Sort of.
I may be misunderstanding the question.
If you take a random orthogonal projection, then distances will be preserved
within a reasonably small epsilon to reasonably high probability.
Mathematically, if you take a random matrix \Omega which is tall and skinny
and do a QR decomposition:
QR = \Omega
Then Q is tall and skinny and Q^T projects vectors into a much lower
dimensional space.
If you take vectors x and y, then
|x - y| \approx |Q' x - Q'y|
or, more precisely, we have, with high probability,
|x - y| - \epsilon \le |Q' x - Q'y| \le |x - y| + \epsilon
This is very close to what you were saying, I think.

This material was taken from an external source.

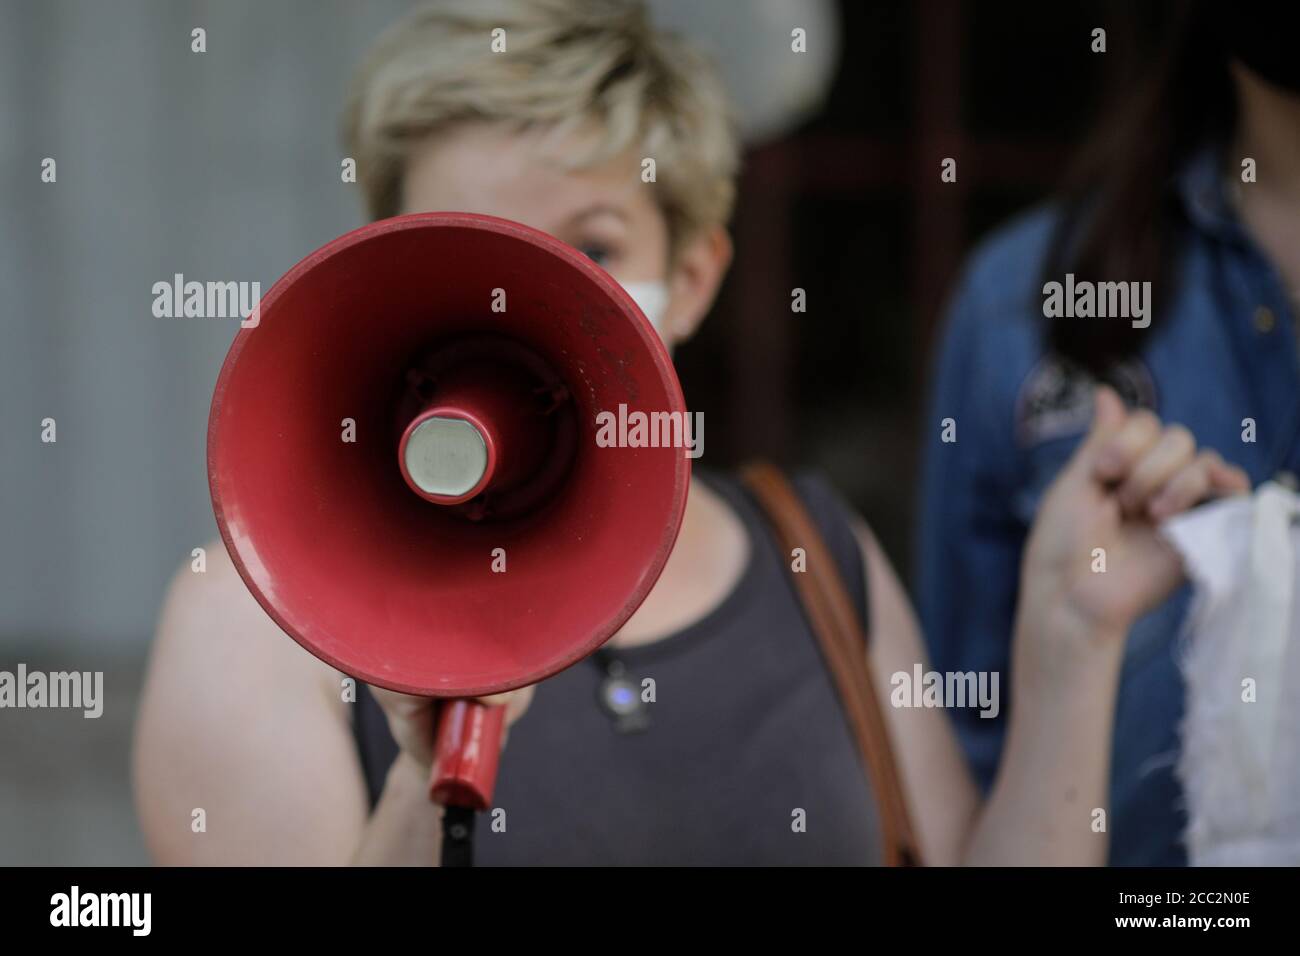 Details mit einem Bullhorn, das von einer Frau während einer politischen/sozialen Kundgebung gehalten wird. Stockfoto

On Thu, Oct 20, 2011 at 4:07 PM, Lance Norskog <[email protected]> wrote:
> Does this all translate to doing high-dimensional distance with random
> projection? Project each vector to one dimension and subtract? This sounds
> like a really useful distance measure.
>
> On Wed, Oct 19, 2011 at 7:32 PM, Ted Dunning <[email protected]>
> wrote:
>
> > The distribution of the dot product of two randomly chosen, uniformly
> > distributed unit vectors is roughly normally distributed with a standard
> > deviation that declines with increasing dimension roughly with your
> > observed
> > sqrt scaling factor.
> >
> > In fact, it is just this scaling property that makes the stochastic SVD
> > work
> > with high probability of high accuracy. The general property that random
> > unit vectors are nearly orthogonal is called "quasi-orthogonality"
> >
> > On Wed, Oct 19, 2011 at 4:32 PM, Sean Owen <[email protected]> wrote:
> >
> > > Right, that's not quite the issue. It's that some comparisons are made
> > > in 2-space, some in 10-space, etc. It would be nice to have some idea
> > > that a distance is 2-space is "about as meaningfully far" as some
> > > other distance in 10-space. I'm trying to find the order of that
> > > correcting factor and it seems to be sqrt(n). Within 2- or 10-space
> > > indeed those distances aren't randomly distributed... but would they
> > > be so differently distributed as to change this factor? Gut says no,
> > > but I have no more justification than that.
> > >
> > > On Wed, Oct 19, 2011 at 10:15 PM, Ted Dunning <[email protected]>
> > > wrote:
> > > > None of this actually applies because real data are not uniformly
> > > > distributed (not even close). Do the sampling on your own data and
> > pick
> > > a
> > > > good guess from that.
> > > >
> > > > On Wed, Oct 19, 2011 at 11:40 AM, Sean Owen <[email protected]>
> wrote:
> > > >
> > > >> Ah, I'm looking for the distance between points within, rather than
> > > >> on, the hypercube. (Think of it as random rating vectors, in the
> range
> > > >> 0..1, across all movies. They're not binary ratings but ratings from
> 0
> > > >> to 1.)
> > > >>
> > > >> On Wed, Oct 19, 2011 at 6:30 PM, Justin Cranshaw <
> [email protected]>
> > > >> wrote:
> > > >> > I think the analytic answer should be sqrt(n/2).
> > > >> >
> > > >> > So let's suppose X and Y are random points in the n dimensional
> > > hypercube
> > > >> {0,1}^n. Let Z_i be an indicator variable that is 1 if X_i != Y_i
> and
> > 0
> > > >> otherwise. Then d(X,Y)^2 =sum (X_i - Y_i)^2 = sum( Z_i). Then the
> > > expected
> > > >> squared distance is E d(X,Y)^2 = sum( E Z_i) = sum( Pr[ X_i != Y_i])
> =
> > > n/2.
> > > >> >
> > > >> >
> > > >>
> > > >
> > >
> >
>
>
>
> --
> Lance Norskog
> [email protected]
>